Digital neural networking to clinical artificial general intelligence
The age-old debate in healthcare IT around whether hospitals should pursue a best of breed approach to digital or a monolithic EPR strategy is now moving on to something very different.
EPRs are just the first steps required. Models like HIMSS EMRAM – used to monitor electronic medical record adoption worldwide – may need to evolve to encapsulate the adoption of more modern technologies and the creation of digital neural networks or central intelligence hubs within hospitals.
These hubs need to be able to embrace data from everywhere. Whether that’s a traditional record system or directly from a device.
AI algorithms are being developed that can detect if a patient has asthma or COPD directly from the audio of their breathing patterns.
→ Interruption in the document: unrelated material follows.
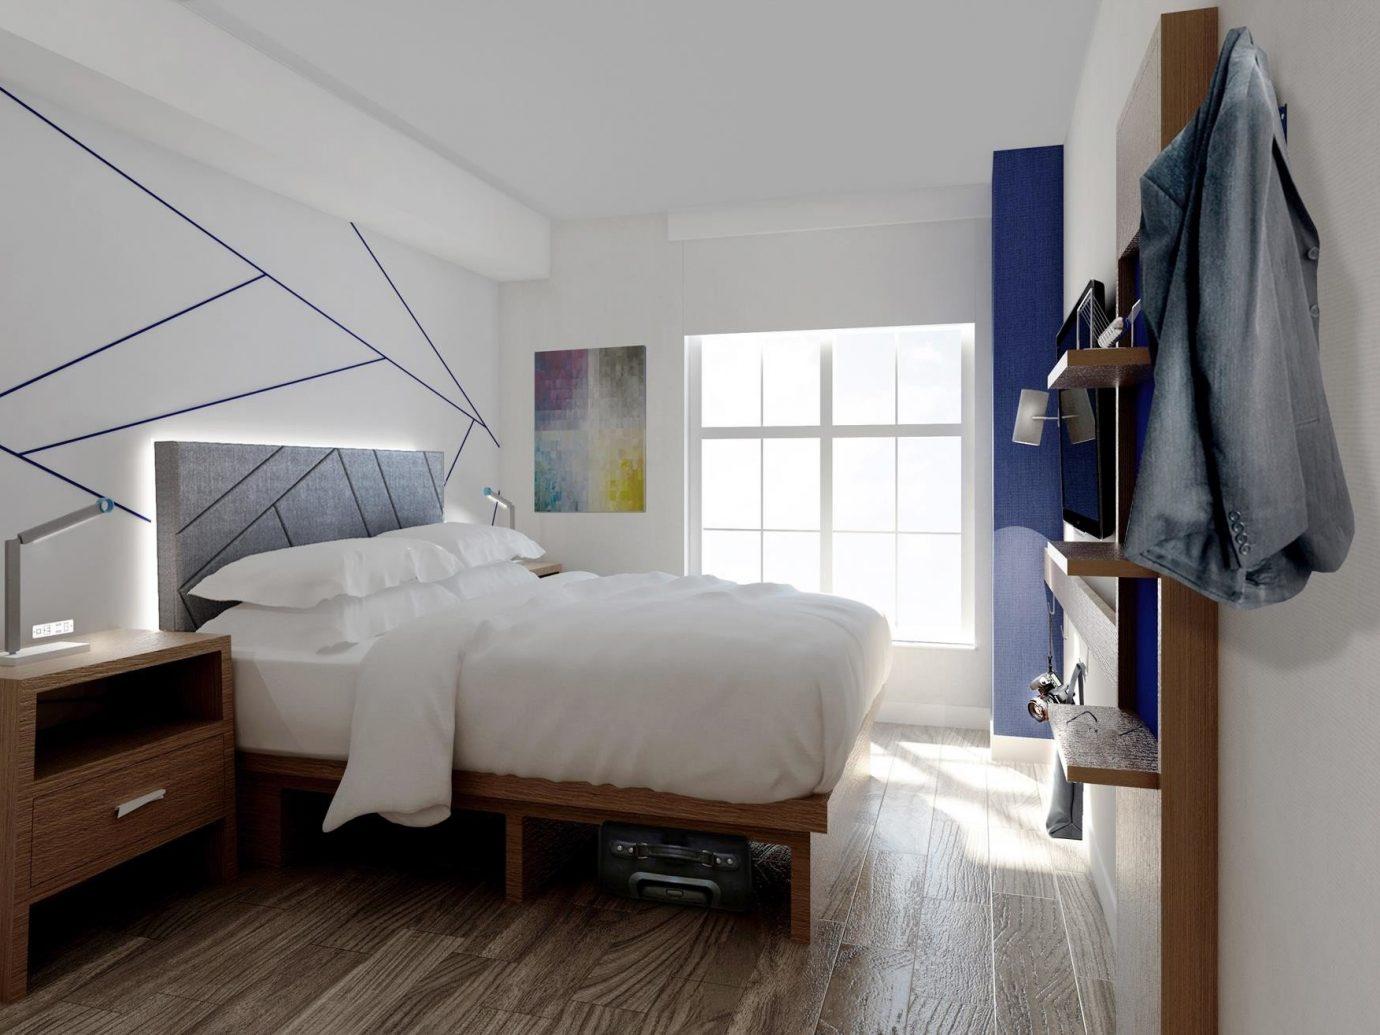 Trip Ideas indoor wall floor bed room property Bedroom furniture interior design home living room cottage hotel real estate apartment loft

Sleep apnoea can be detected from smartphones rather than bringing patients in for nightly study.
There is potential to capture data through sensors, audio, imaging, all being brought into a central intelligence hub that has the in-built rules to speed up pathways. This could be life changing for patients if we can diagnose their cancer and have them on an MDT list in a matter of hours or days, rather than the weeks or months it can take today.
This also requires a rethink of current approaches to AI, beyond the very narrow and specific purposes that algorithms have in healthcare today.
Joining up and connecting different AI algorithms through intelligence hubs could pave the way for the creation of clinical artificial general intelligence, potentially leading to a situation where AI can look for as many things as the clinician when they are exposed to patient data and images.
Doing all of this requires a co-ordinated joined up but agile approach. A single monolithic approach will take years, or even decades – and our clinicians and patients need change much quicker than that. Working with innovative partners that are pushing boundaries, we hope to be the first to do things that will deliver for our users’ needs and be replicable for others across health and care.